Source information »
┄┄┄┄┄┄┄┄┄┄┄┄┄┄┄┄┄┄┄┄
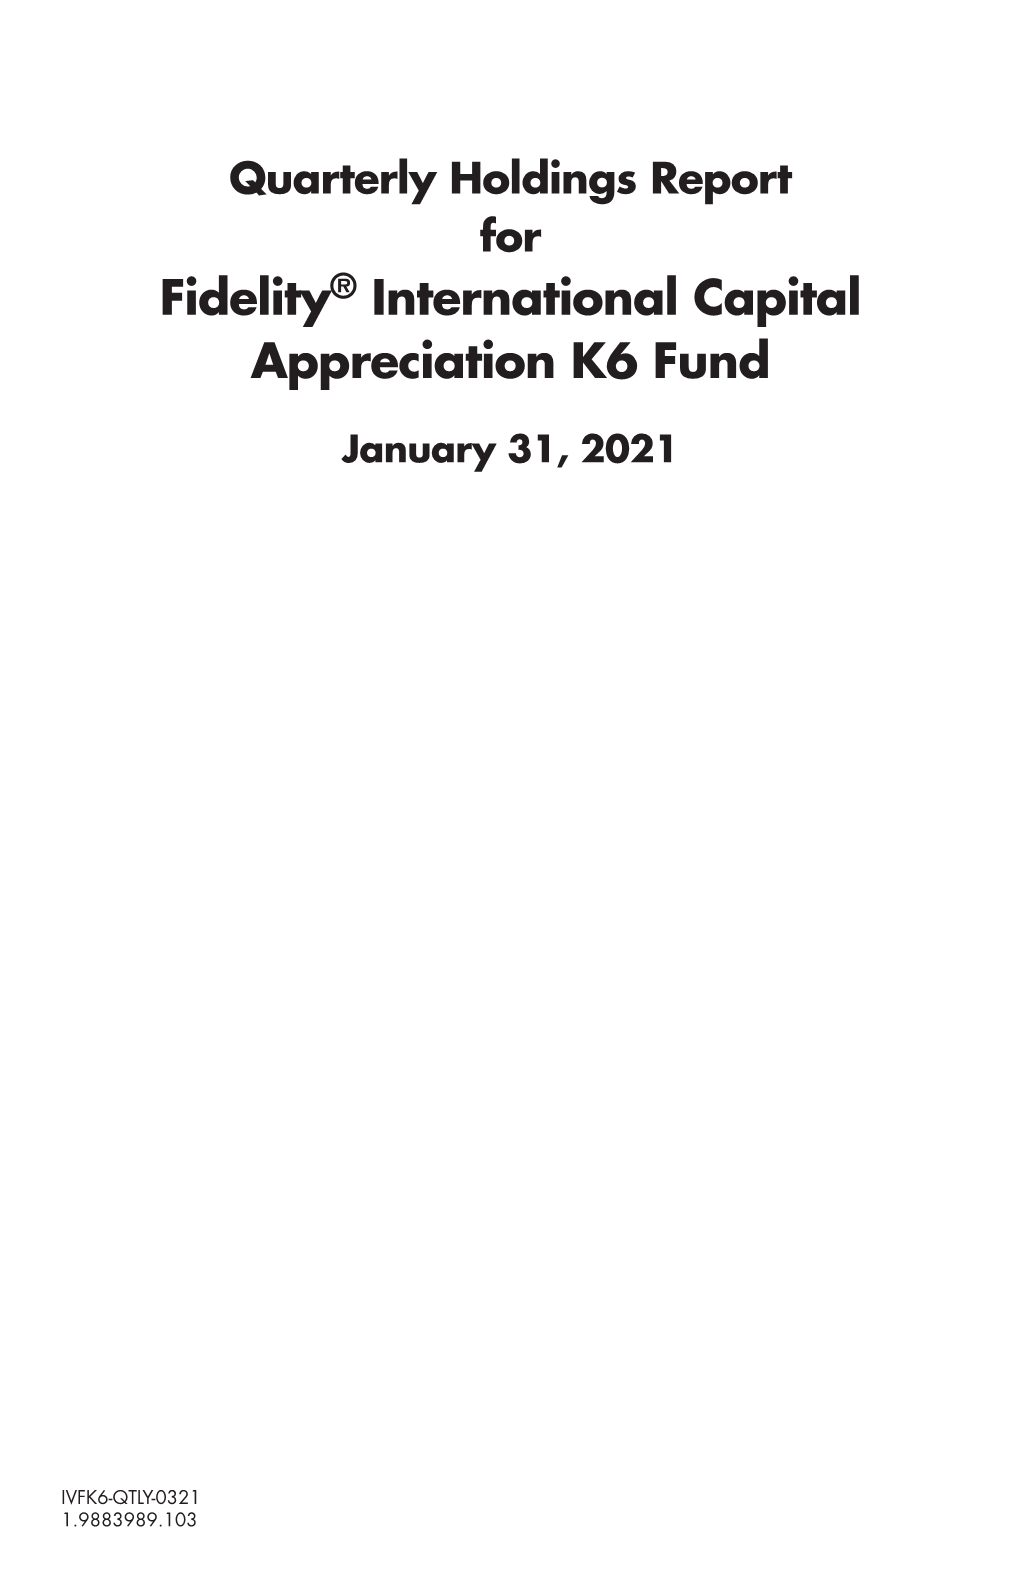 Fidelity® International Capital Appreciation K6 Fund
┄┄┄┄┄┄┄┄┄┄┄┄┄┄┄┄┄┄┄┄
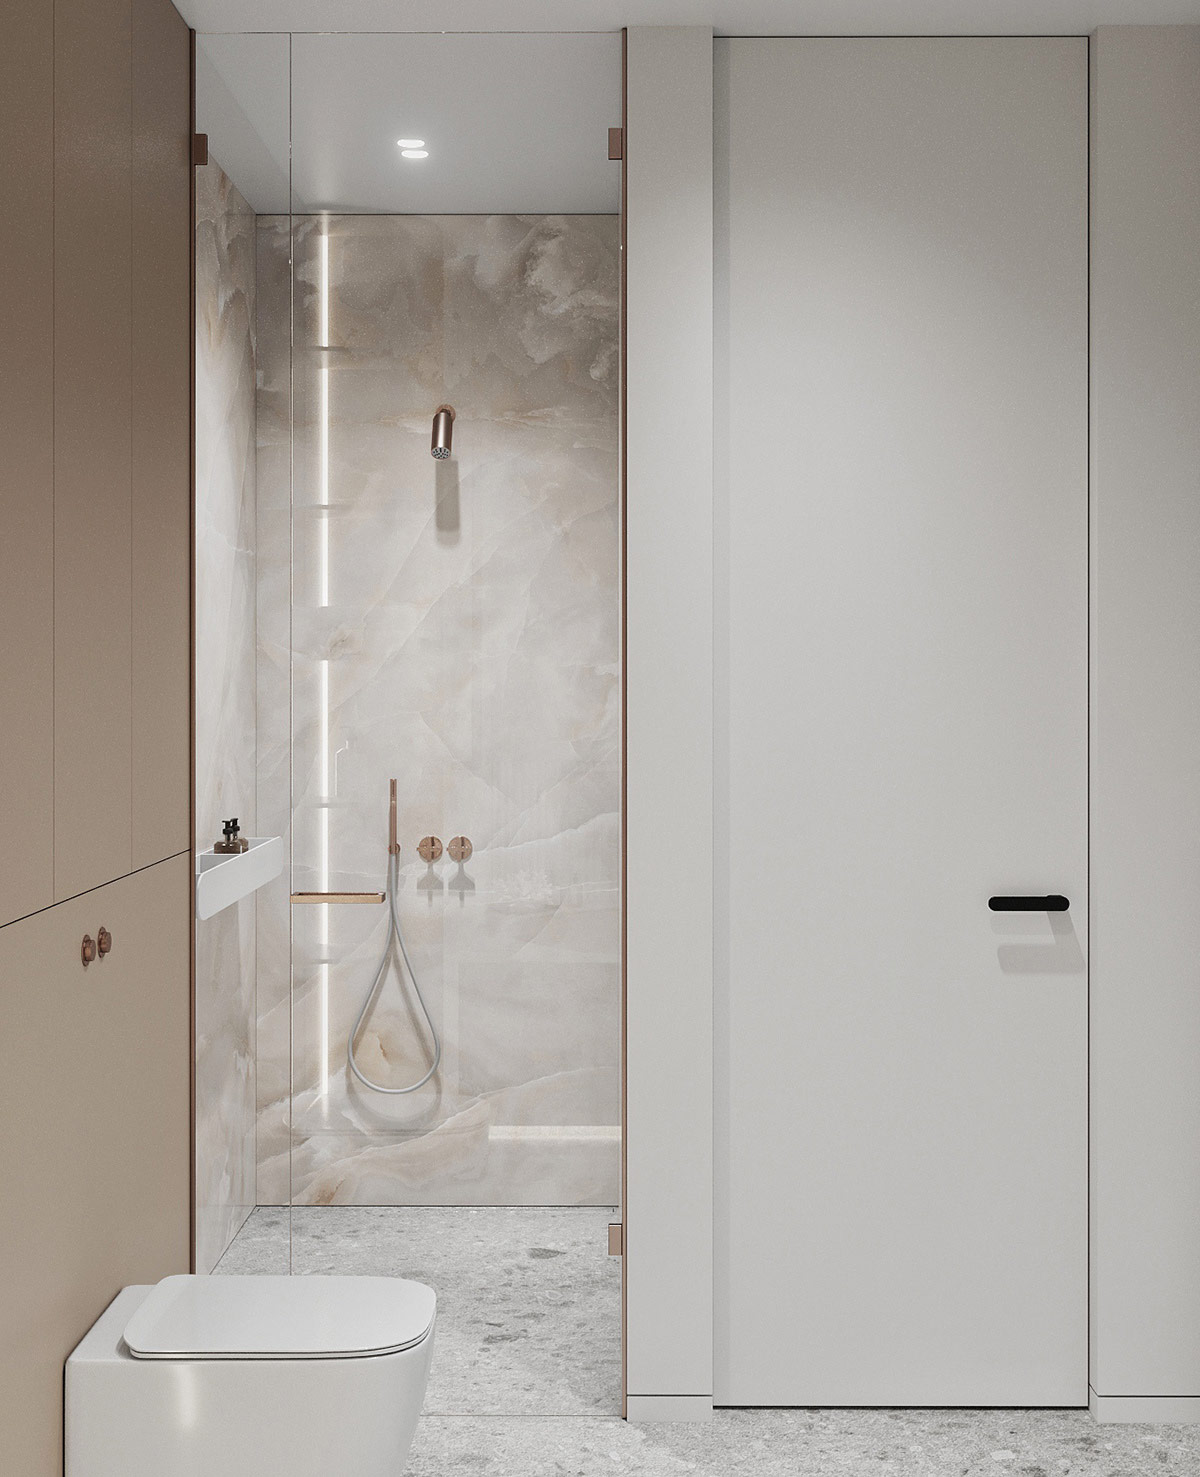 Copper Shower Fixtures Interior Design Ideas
┄┄┄┄┄┄┄┄┄┄┄┄┄┄┄┄┄┄┄┄
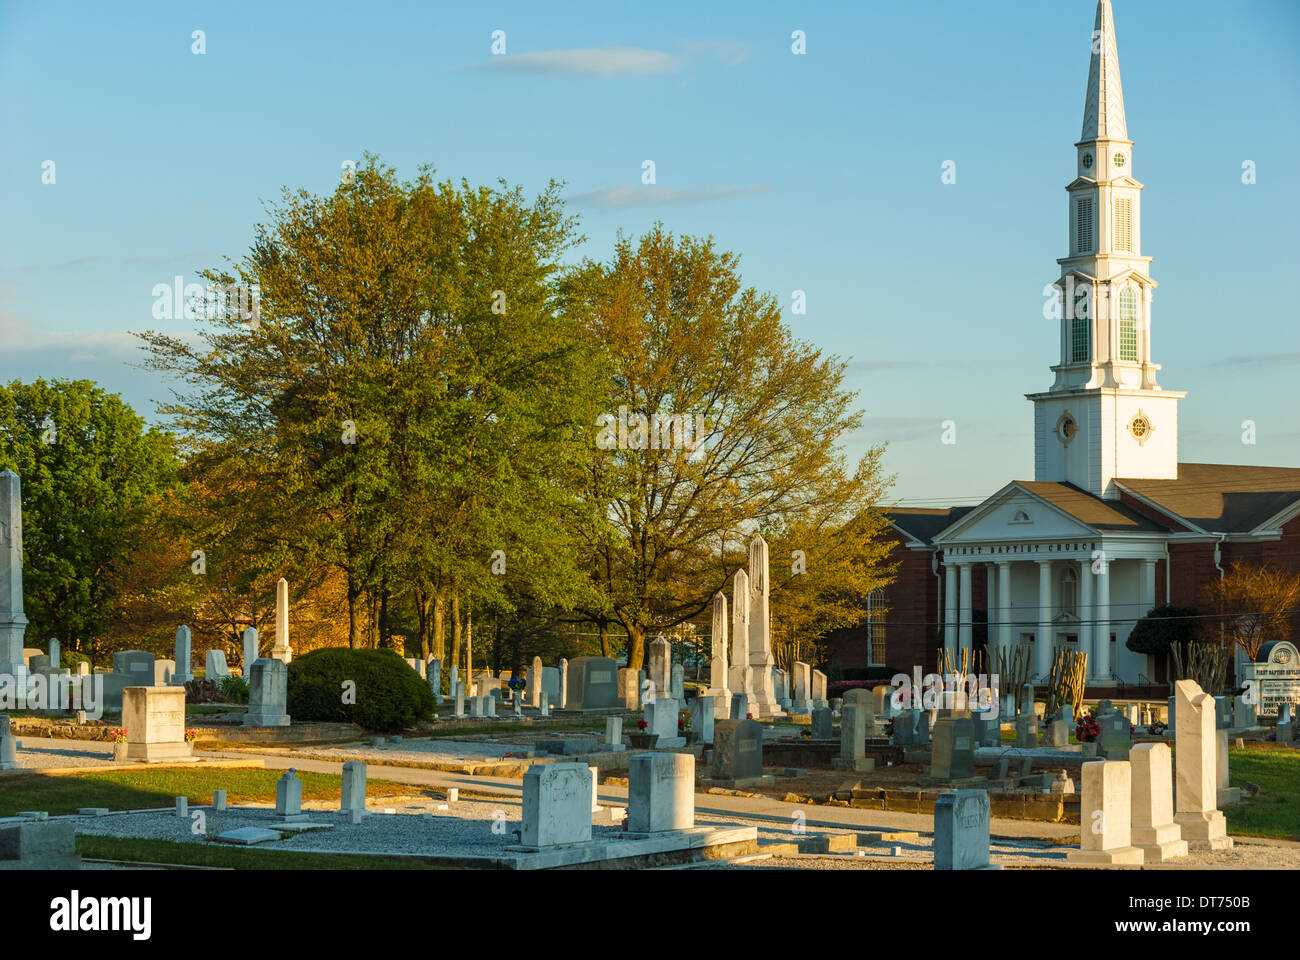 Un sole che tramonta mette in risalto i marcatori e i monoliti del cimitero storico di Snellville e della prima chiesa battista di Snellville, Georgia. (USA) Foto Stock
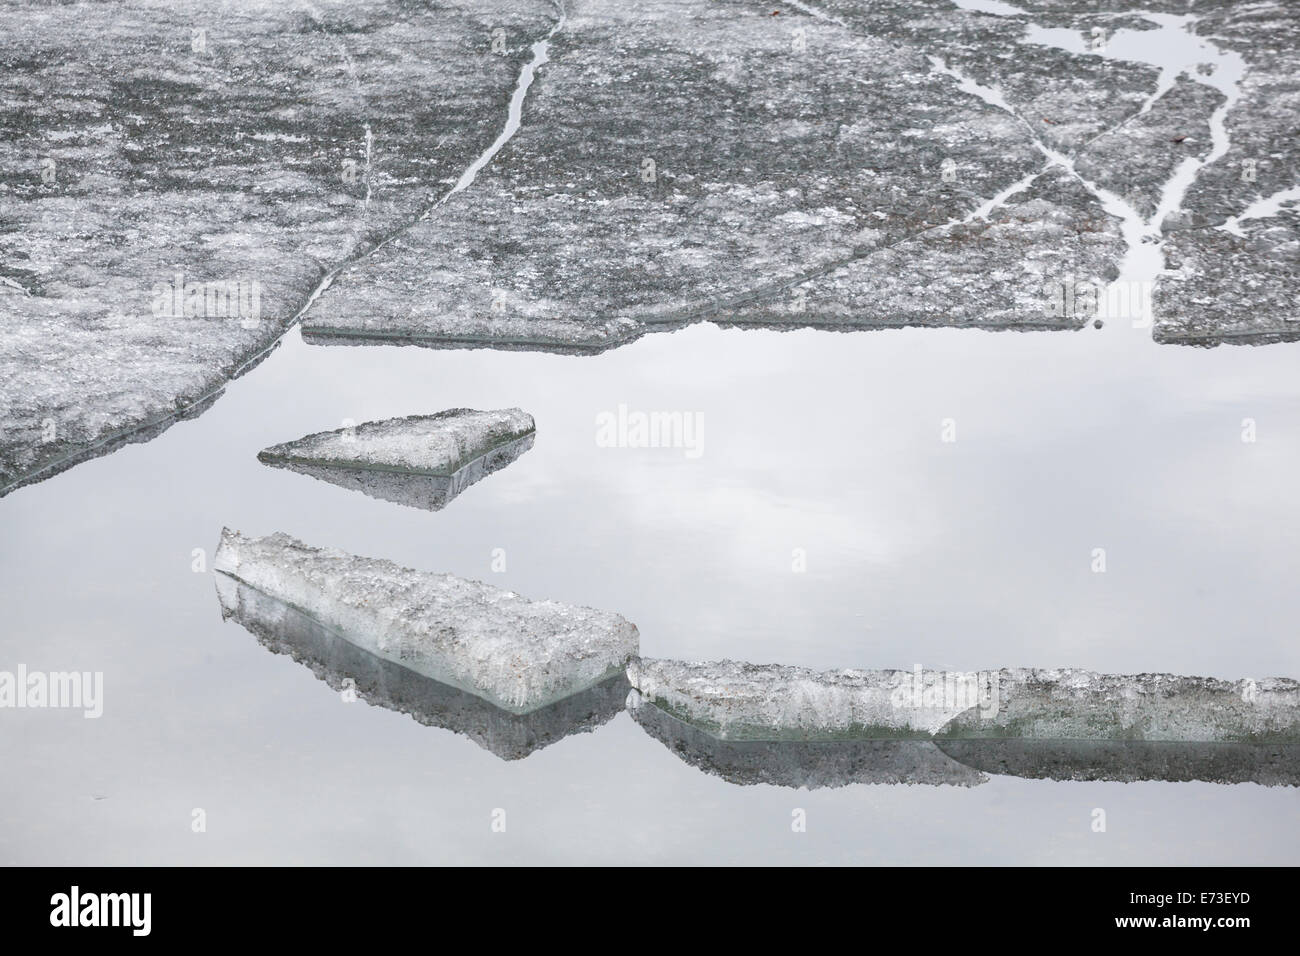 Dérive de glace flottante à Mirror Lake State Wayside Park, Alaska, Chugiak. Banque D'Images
┄┄┄┄┄┄┄┄┄┄┄┄┄┄┄┄┄┄┄┄
Out of the records above, return only the lines from the one with "Un sole che" through the one with "Dérive de glace", exactly, and none of the pictures.

 Un sole che tramonta mette in risalto i marcatori e i monoliti del cimitero storico di Snellville e della prima chiesa battista di Snellville, Georgia. (USA) Foto Stock
 Dérive de glace flottante à Mirror Lake State Wayside Park, Alaska, Chugiak. Banque D'Images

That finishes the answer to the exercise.